The Robeco Afrika equity strategy recently celebrated its tenth anniversary. A good moment to look back on how African economies and their financial markets have evolved, and think about what the next ten years may bring.
The timing of Robeco Afrika’s launch was horrible, as it came after a spectacular five-year rally in Egypt (+1275% cumulative return in euros), Kenya (+340%), Nigeria (+335%) and South Africa (+160%). A lot of optimism was already priced in. Valuation multiples outside South Africa were relatively high initially and came down over time. The rerating of developed markets in conjunction with a derating of African markets was a major cause of the latter’s weaker performance.
When the strategy was launched, most people expected more African countries to open up their capital markets and many more initial public offerings. These have not materialized, although there have been quite some follow-on offerings where listed companies have raised additional money. Most of these happened in South Africa as other big economies like Algeria, Angola and Ethiopia still don’t have a well-functioning stock market.
In the last ten years, various African countries have gone through difficulties related to politics, falling commodity prices, currency problems and economic mismanagement. However, the biggest threats have either been tackled effectively or warded off by favorable global developments. As a result, the economic outlook for Africa looks much better than it has done for a long time. The most important African countries appear to be in relatively good shape and less risky than in the past.
The financial health of the government and the credibility of many institutions were severely damaged after nine years of corruption under president Zuma. Fortunately, current president Cyril Ramaphosa has started to clean up the government, the public sector and state-owned enterprises. Business confidence is now recovering, also as a result of increased investment that should boost economic growth.
During most of 2015 and 2016, Egypt’s economy suffered from its central bank’s refusal to allow its currency to depreciate. Foreign investors shared the pain, as they could not get money out of the country. In November 2016, the currency was finally devalued. This removed growth obstacles and made it easier for companies to export goods. Tourism recovered due to an improvement in the security situation.
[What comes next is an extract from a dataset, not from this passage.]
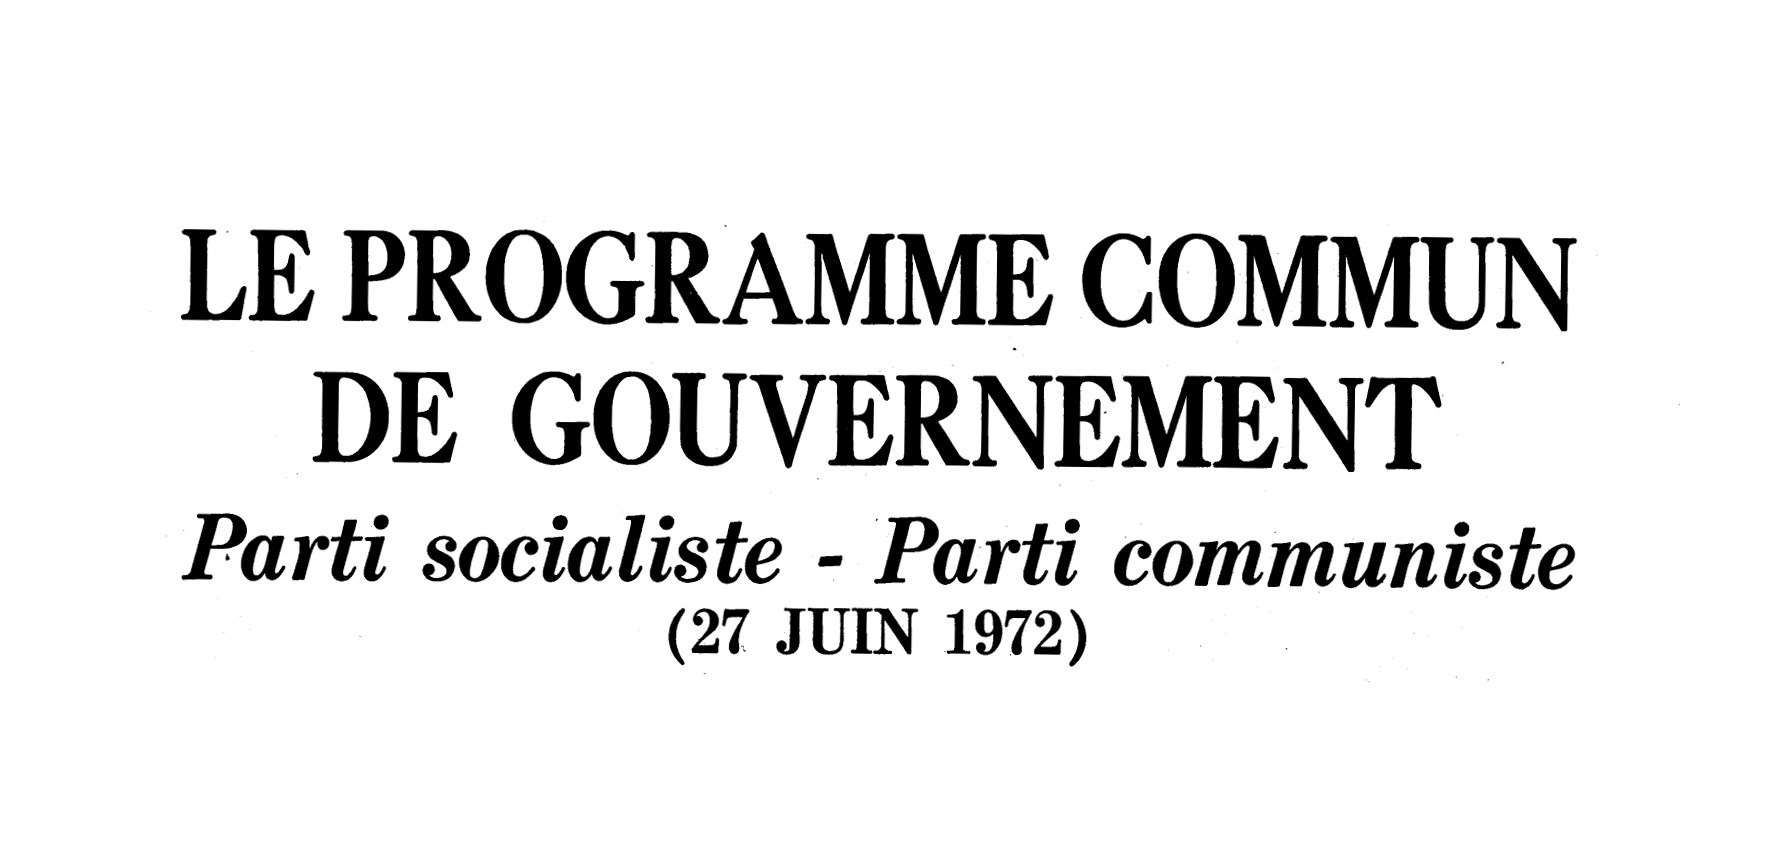 Le programme commun socialiste-communiste de 1972

Other positive drivers are big infrastructure projects made possible by funding from development institutions, European countries and Gulf allies. Lastly, spectacular gas discoveries in recent years will significantly cut the import bill. Although the political situation is far from ideal, in the short term, businesses and the economy are likely to do well in this more stable environment.
From early 2015 to August 2017, Nigeria was unattractive for new investors, not only because of significantly lower oil prices and the decline in oil production due to unrest in 2016, but also because of the country’s refusal to devalue the naira and make it convertible into US dollars for investors and corporates. However, in 2017, oil production recovered as the situation stabilized and the oil price rose. This improved the government’s financial health and reduced the need for significant devaluation. So when the naira was devalued by 15%, in Nigeria it was widely seen to be trading at fair value. This enabled investors to enter the Nigerian market, while local businesses could access US dollars more easily and function properly again.
The economy came out of recession in 2017. We expect economic growth to pick up further this year to around 2.5%.
Since the bloody riots after the 2007 elections, Kenya has experienced a period of relative political stability and solid economic growth. However, the risks of wide-scale violence and prolonged uncertainty increased when the opposition refused to accept the victory of incumbent president Kenyatta in November 2017. Fortunately, in March opposition leader Odinga announced he would work with Kenyatta to foster national unity. The truce was incentivized by project funding promises from the US and the European Union. This will reduce uncertainty and lead to a resumption of major government projects and private sector investments.
While many frontier and Africa funds focus only on the few relatively big and liquid African markets, Robeco Afrika has already invested in markets like Botswana, Ghana, Senegal and Zambia. We see these markets developing further and hope they will come onto the radar screens of more investors. We also hope that in the next ten years more African countries will open their capital markets and we can be an early entrant there too. There are signs that Ethiopia is becoming more willing to attract foreign equity capital. Government officials in Angola and Algeria have indicated they are planning to develop their stock markets. Still, if there’s one thing experience has taught us, it’s that we will have to be patient.